What makes this approach more compelling today is its alignment with Noel Tata’s philosophy of long-term, steady and disciplined growth. Both leaders share a similar management instinct rooted in patience, operational rigour and sustained capital prudence.
Noel Tata’s leadership record—particularly at Trent—stands out for consistency rather than flamboyant expansion. Trent’s evolution from a modest retailer into a category-leading business was driven by years of careful scaling, strong unit economics and disciplined brand building. He demonstrated that retail can grow profitably when fundamentals are strong and the promoter remains invested for the long haul. This thinking blends seamlessly with Chandrasekaran’s groupwide strategy.
Across the Tata Group, each large operating company today invests in sharper focus, a healthier balance sheet and simplified structures. The stable foundation gives the group the capacity to commit capital to high-gestation ventures without destabilising existing businesses.
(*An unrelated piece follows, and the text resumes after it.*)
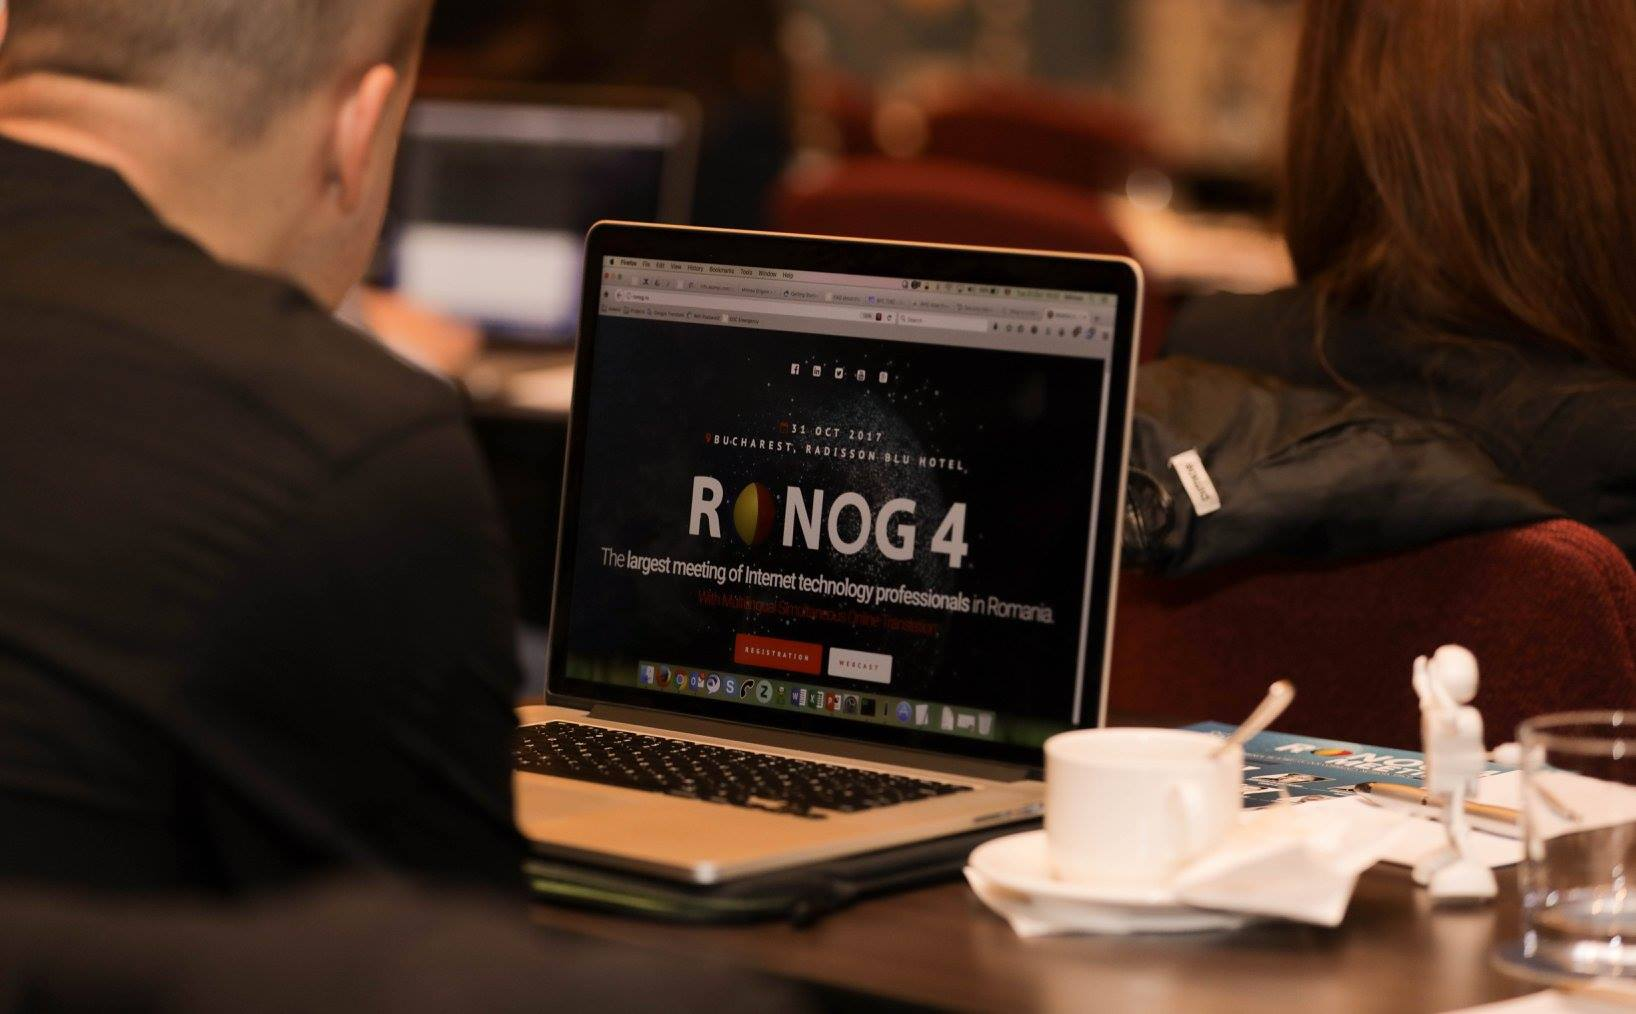 Cea de-a patra reuniune anuală a operatorilor de rețele din România – RONOG 4 a avut loc marți, 31 octombrie 2017 la hotelul Radisson Blu din Capitală

The initial ramp-up in electronics manufacturing, the strong traction in Tata Motors’ EV portfolio and the integration efforts across Tata Digital’s consumer platforms have encouraged analysts to believe that top management will continue allocating capital to new businesses even when they are still in the red. Tata Sons has already invested $1.3 billion in its iPhone assembly venture since its inception four years ago.
At its June board meeting, Tata Sons approved a fresh $3.5 billion investment in new businesses. Earlier, the group had committed $120 billion to these emerging areas.